[<prev] [next>] [<thread-prev] [thread-next>] [day] [month] [year] [list]
Message-ID: <alpine.LFD.1.10.0804240806500.2779@woody.linux-foundation.org>
Date: Thu, 24 Apr 2008 08:16:53 -0700 (PDT)
From: Linus Torvalds <torvalds@...ux-foundation.org>
To: Jeff Garzik <jeff@...zik.org>
cc: "Eric W. Biederman" <ebiederm@...ssion.com>,
Rene Herman <rene.herman@...access.nl>,
Adrian Bunk <bunk@...nel.org>,
Andrew Morton <akpm@...ux-foundation.org>,
LKML <linux-kernel@...r.kernel.org>, rmk@....linux.org.uk,
Thomas Gleixner <tglx@...utronix.de>,
Ingo Molnar <mingo@...hat.com>
Subject: Re: [git patch] free_irq() fixes
On Thu, 24 Apr 2008, Jeff Garzik wrote:
>
> Honestly, one thing I was thinking was perhaps a change from
>
> irqreturn_t foo_handler(int irq, void *dev_id)
> to
> irqreturn_t foo_handler(struct irq_info *ii, void *dev_id)
>
> which would IMO make the first parameter useful again, by enabling passing of
> information like MSI message info, or more flexible platform-specific irq info
> that a platform driver may want.
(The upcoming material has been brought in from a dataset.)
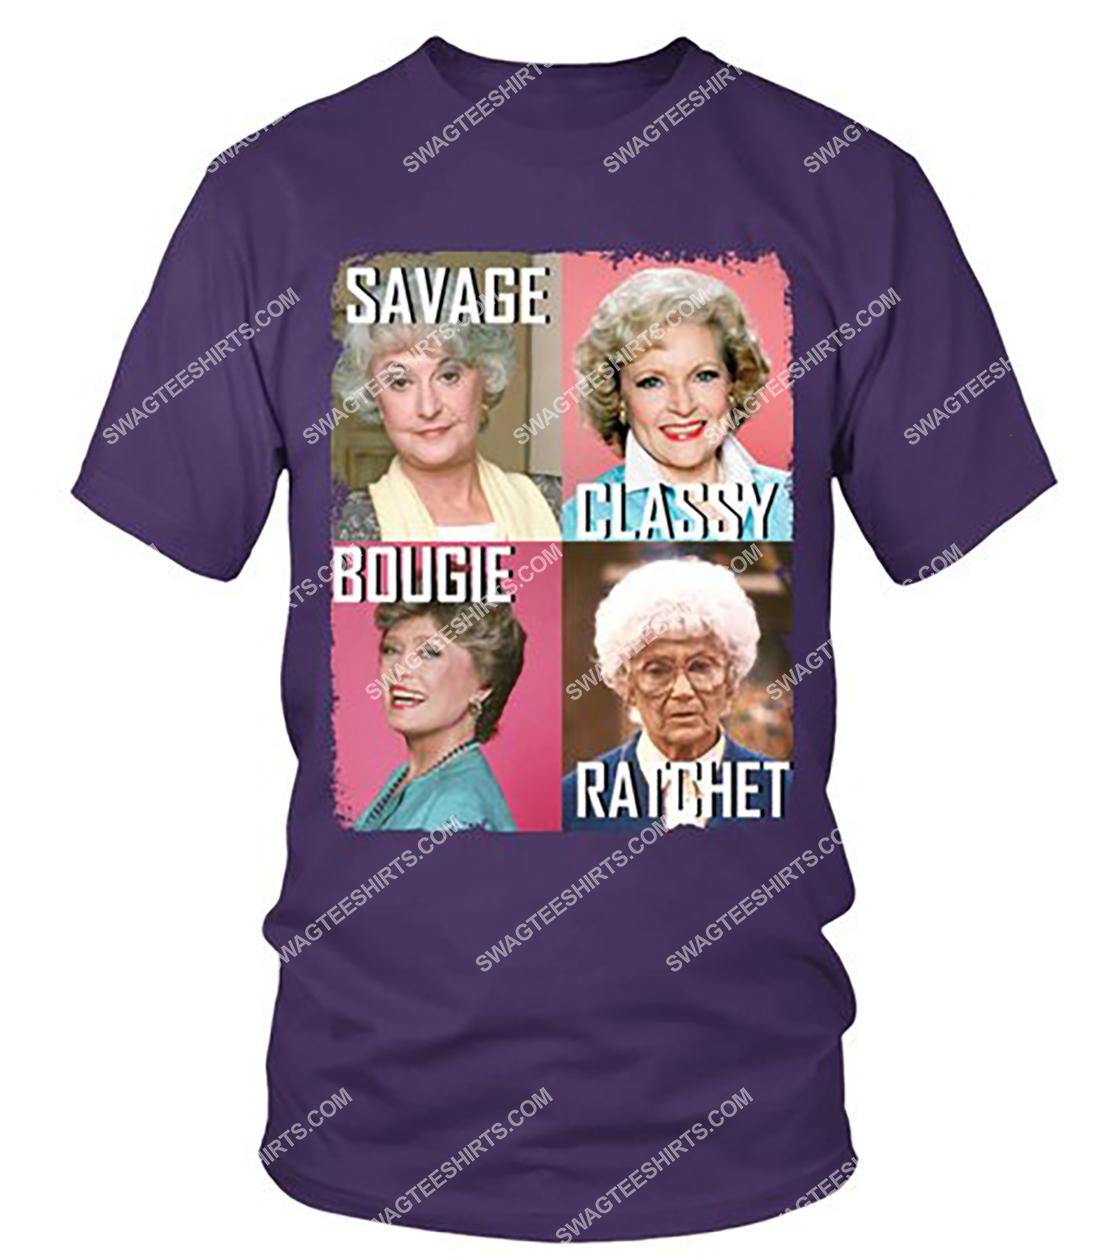 savage classy bougie ratchet the golden girls movie shirt 2(1)

Or direct access to irq_desc or irq_chip
> info.
So I *really* hate that idea. It's much *much* worse than what we have
now.
Why?
The absolutely _only_ piece of reliably information we have that is
architecture- and irq-controller neutral is the exact information we pass
in to "request_irq()". That is: irq number, the name, and the device
cookie thing. Nothing more.
And of the three things, they have the following pattern:
- "irq number" is some random cookie, but it is a cookie that the
*system* forces on the driver, and that is totally independent of how
the irq is delivered or what kind of irq it is (device, system, PCI,
ISA, whatever). The driver doesn't get to choose it, but the system and
the driver have to agree on it some way (ie regardless of whether it's
a PCI driver or a Super-Integrated-bus-of-year-2025, the driver will
have to get it from some system resource, ie the pci_dev or whatever)
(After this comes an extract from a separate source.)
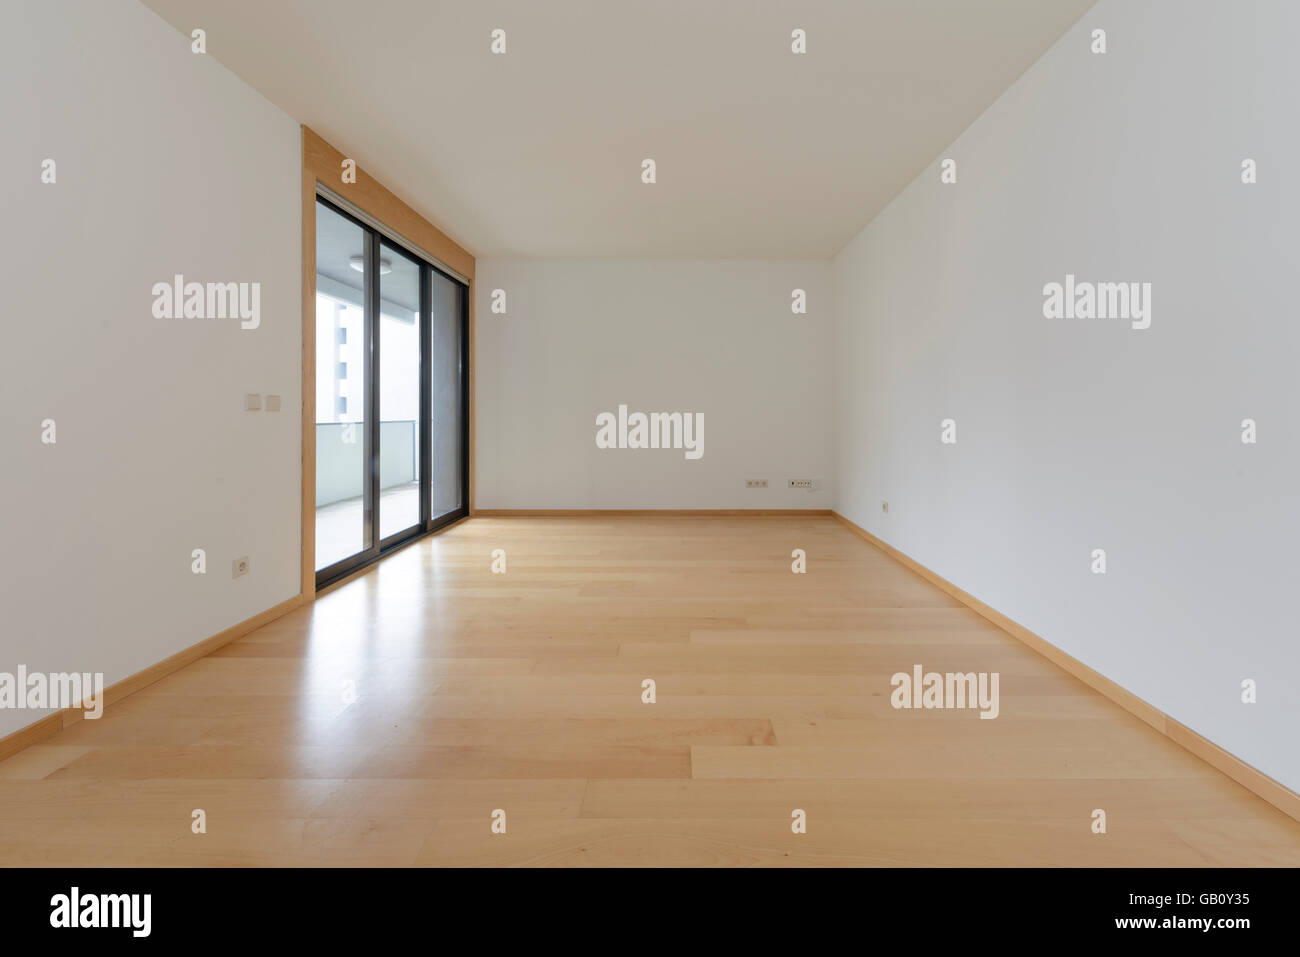 Empty Room With Big Window   Stock Image

IOW, the irq number *does* have meaning, but it is very much by design
something that is _purely_ a cookie. You cannot look into it - it's not
a pointer to any data.
- "the name". There really is no point to passing this around, because
it's purely for show, and purely so that the generic irq layer can tell
the user something in /proc/irq etc. Passing it back to the driver
would be entirely pointless, because it is designed purely to be a
driver->system informational thing.
- the "device cookie". This is the thing that the system itself doesn't
care about, and is _entirely_ under control of the driver, so the
driver can pass its own interrupt controller some helpful instance
pointers.
So of the three, "device cookie" is the one that we absolutely have to
have. The irq number is not necessary, but it does actually have some
meaning especially for legacy devices (eg ISA), and it is at least
_sensible_ to pass around (ie it has no downsides, and it's not
fundamentally broken). And the name would be just stupid.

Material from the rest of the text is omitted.